• [DESCRIPTION OF THE TASK] Return all the data verbatim but without images.

• [SOURCE MATERIAL]
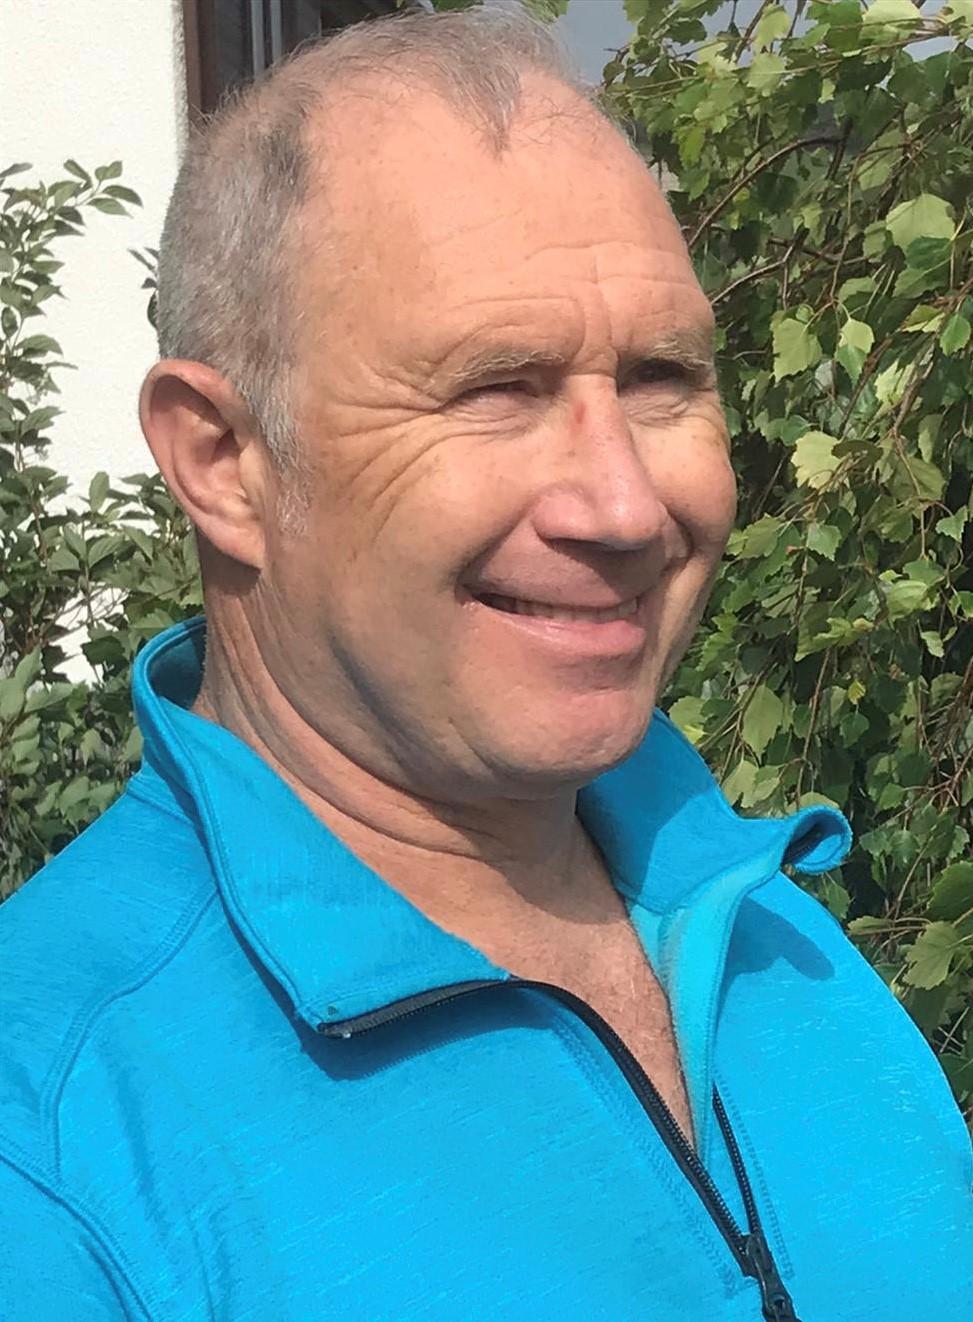 Ian Kavanagh
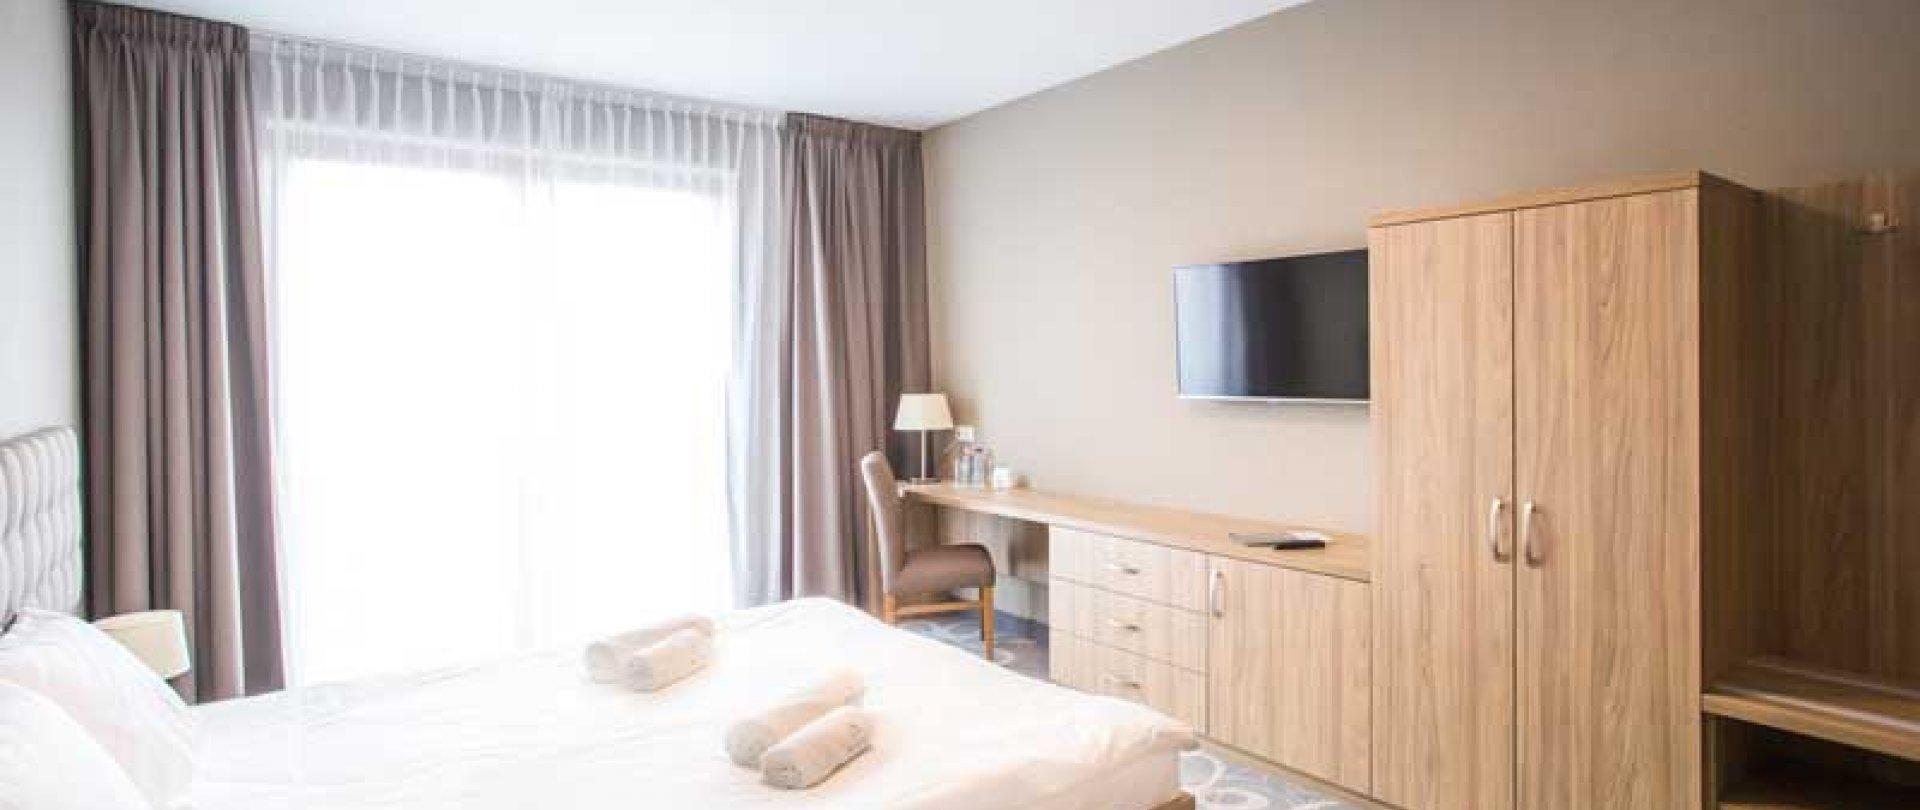 Pokój typu LUX z łożem małżeńskim + taras
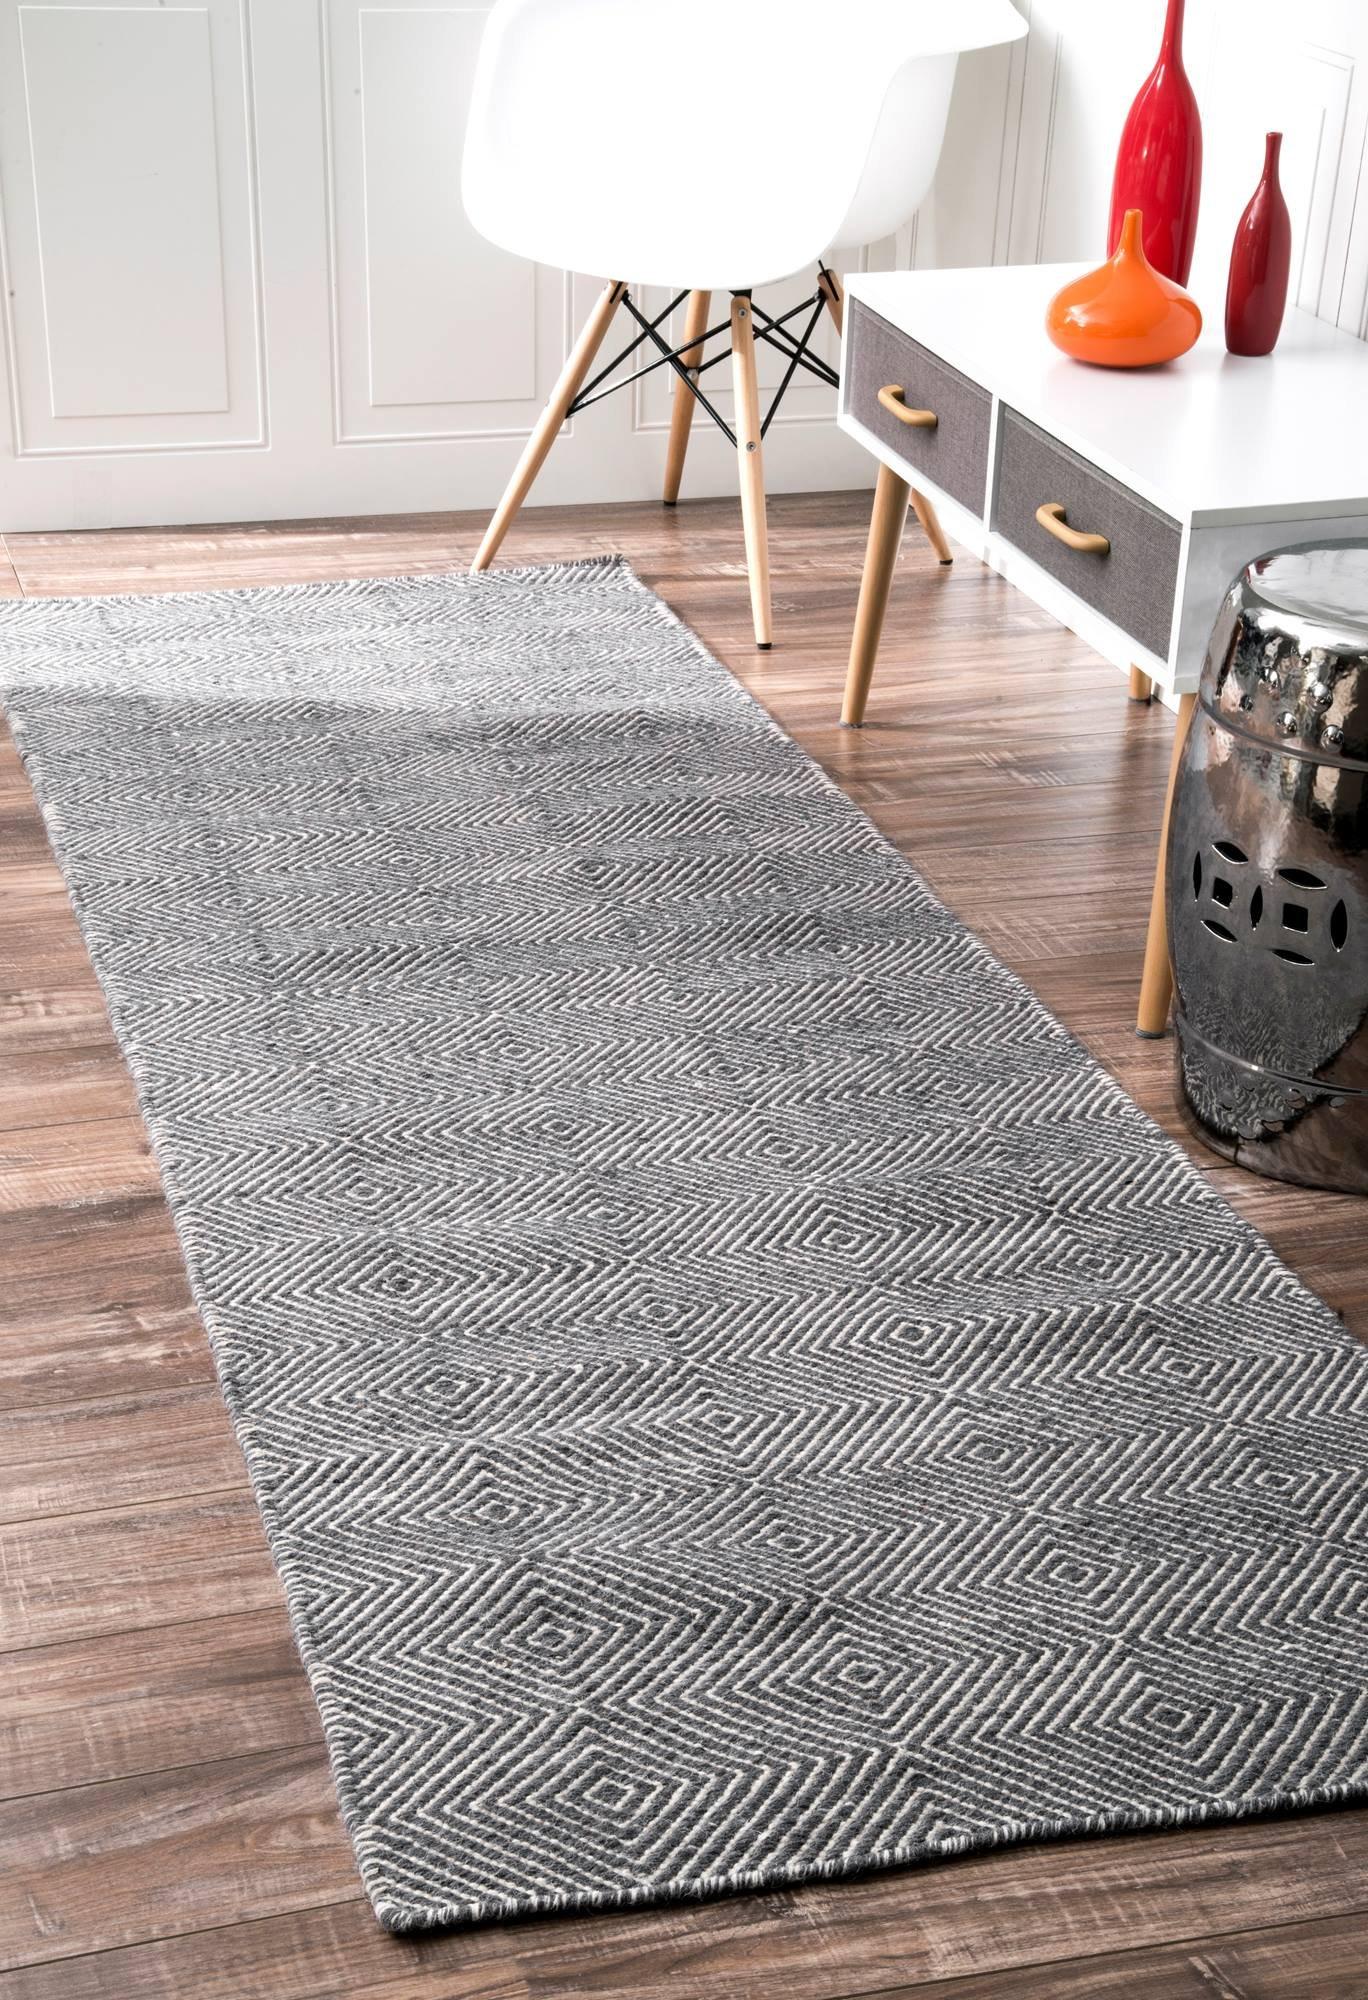 nuLOOM Handmade Fancy Trellis Wool Paddle Runner Area Rugs, 2' 6'' x 8', Grey by nuLOOM (Image #1)

• [SOLUTION TO THE EXERCISE]
 Ian Kavanagh
 Pokój typu LUX z łożem małżeńskim + taras
 nuLOOM Handmade Fancy Trellis Wool Paddle Runner Area Rugs, 2' 6'' x 8', Grey by nuLOOM (Image #1)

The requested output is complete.